Sans les amendements proposés par le Sénat, le projet de loi C-69 conférerait également à un seul ministre jusqu'au pouvoir de refuser qu'une évaluation soit effectuée. Le ministre aurait entière discrétion pour désigner ou non un projet aux fins du processus d'évaluation long et incertain prévu au projet de loi C-69. Cela entraînerait une grande incertitude pour les promoteurs, même lorsque les projets proposés ne seraient pas inscrits sur la liste des projets. Ces derniers pourraient simplement y être ajoutés par un ministre qui aurait ce pouvoir à lui seul, le ministre de l'Environnement.
Ce genre d'incertitude politique est inacceptable. Un ministre pourrait à lui seul torpiller un projet en le retardant de plusieurs années et en en augmentant les coûts de centaines de millions de dollars. Les choses ne peuvent pas vraiment être plus politiques que cela. C'est pour cette raison que, si on veut que ce projet de loi fonctionne, il faut conserver un si grand nombre des amendements proposés par le Sénat.

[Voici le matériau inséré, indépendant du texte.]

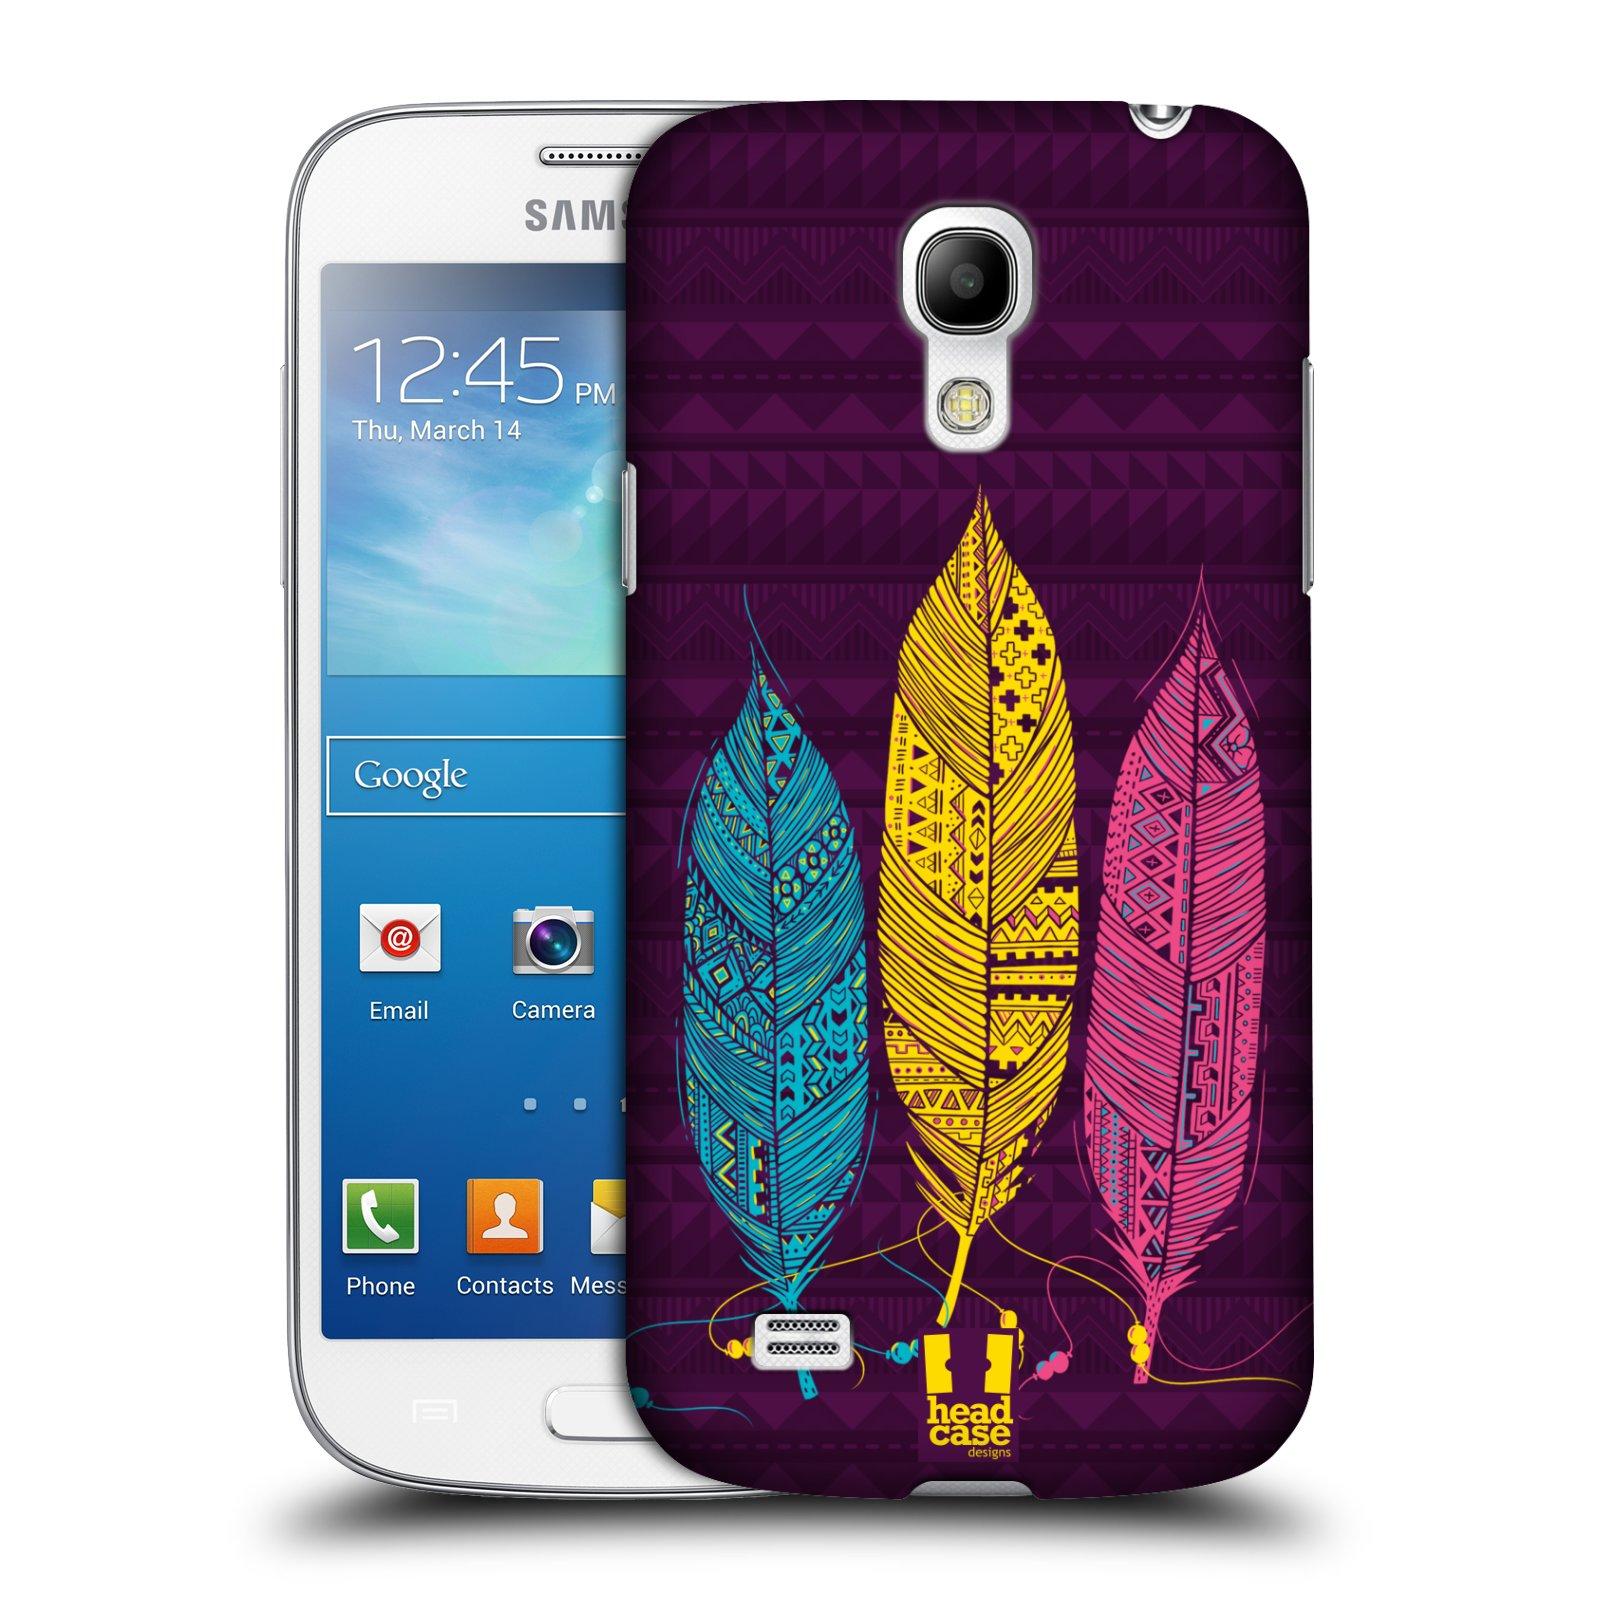 HEAD CASE plastový obal na mobil SAMSUNG Galaxy S4 MINI / S4 MINI VE (i9190, i9195i, i9195) vzor Aztécká pírka žlutá, modrá, růžová
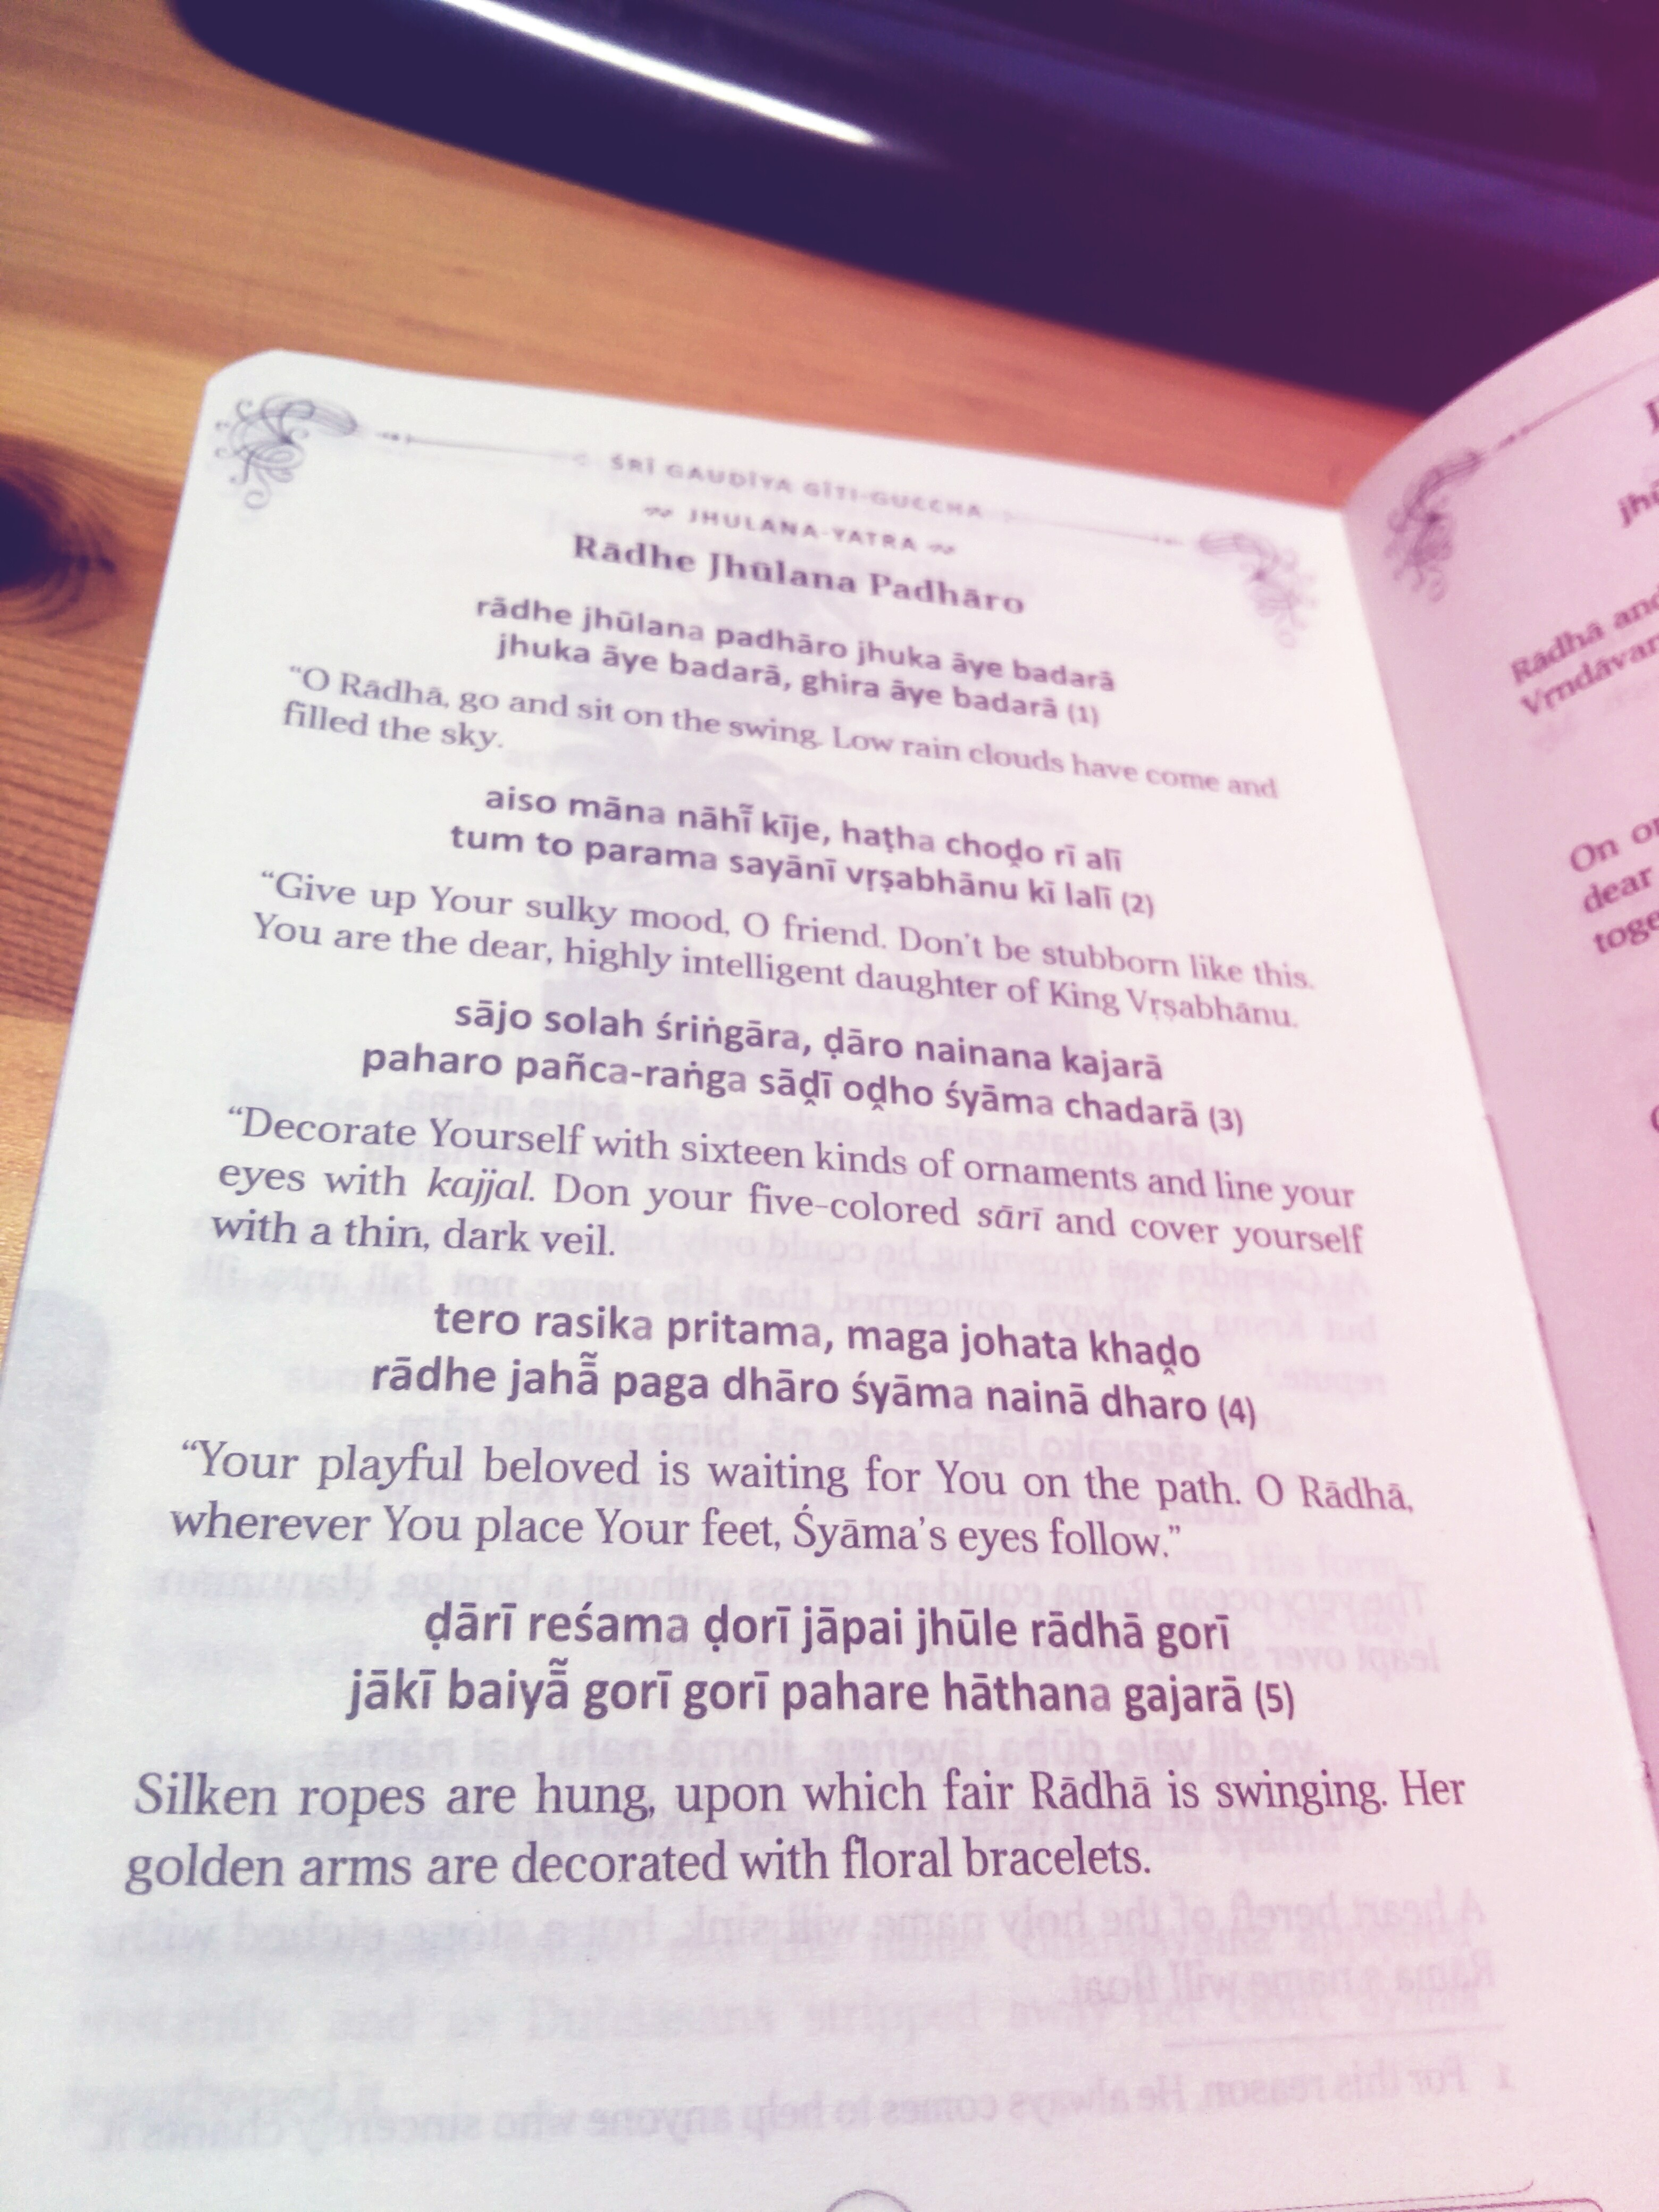 Radhe Jhulana Padharro lyrics

Cela rejoint évidemment l'une des grandes préoccupations de l'industrie, des provinces et des municipalités sur laquelle les conservateurs avaient fait des mises en garde, je veux parler de l'incertitude découlant du caractère vague des critères. Le libellé original des libéraux qui, encore une fois, ont l'intention de faire adopter à toute vapeur le projet de loi C-69, rendra les processus réglementaires et judiciaires, qui présentent déjà de grands défis pour mener à bien et en temps voulu de grands projets d'exploitation des ressources, encore plus longs et plus incertains.
Les examens réglementaires exigent déjà — et c'est normal — un engagement significatif et une diligence exceptionnelle de la part des promoteurs et des collectivités, mais ils sont souvent extrêmement complexes, entraînent des chevauchements et coûtent cher, provoquant quelquefois de profondes divisions.
Des critères clairs et concis garantissent la prévisibilité pour toutes les parties et permettent aux projets approuvés d'être menés à bien, au lieu d'avoir à reprendre des parties essentielles du processus ou de perdre des années à défendre une approbation devant les tribunaux.
Or, le projet de loi C-69 des libéraux multiplie les critères qui ne relèvent pas directement du promoteur et qui sont si vagues qu'on n'arrive pas à déterminer à quoi ils se rapportent précisément, de sorte que les promoteurs sont incapables de les intégrer ou d'en tenir compte dans leurs soumissions.
S'ils ne sont pas aussi concis que le souhaiteraient les conservateurs, les amendements du Sénat représentent quand même une vaste amélioration par rapport au libellé original des libéraux. Ils retireraient du processus d'examen les grands débats politiques, en l'axant sur des faits et des données probantes, assortis de critères mesurables, quantifiables et prévisibles.
Les libéraux rejettent tous les correctifs proposés par le Sénat, mais le problème, c'est que les critères qu'ils proposent dans le projet de loi C-69 impliquent que les commissions d'examen fassent des choix fondés sur des enjeux subjectifs, liés aux priorités politiques du gouvernement et qui sont donc intrinsèquement politiques.
Comment un promoteur qui propose un projet concret fondé sur des principes d'ingénierie et représentant des avantages sur les plans techniques, économiques, environnementaux et de la sécurité peut-il anticiper les objectifs politiques du gouvernement du jour afin d'en tenir compte? C'est impossible. Cette incertitude empêchera les promoteurs de proposer de grands projets et des infrastructures essentielles au Canada.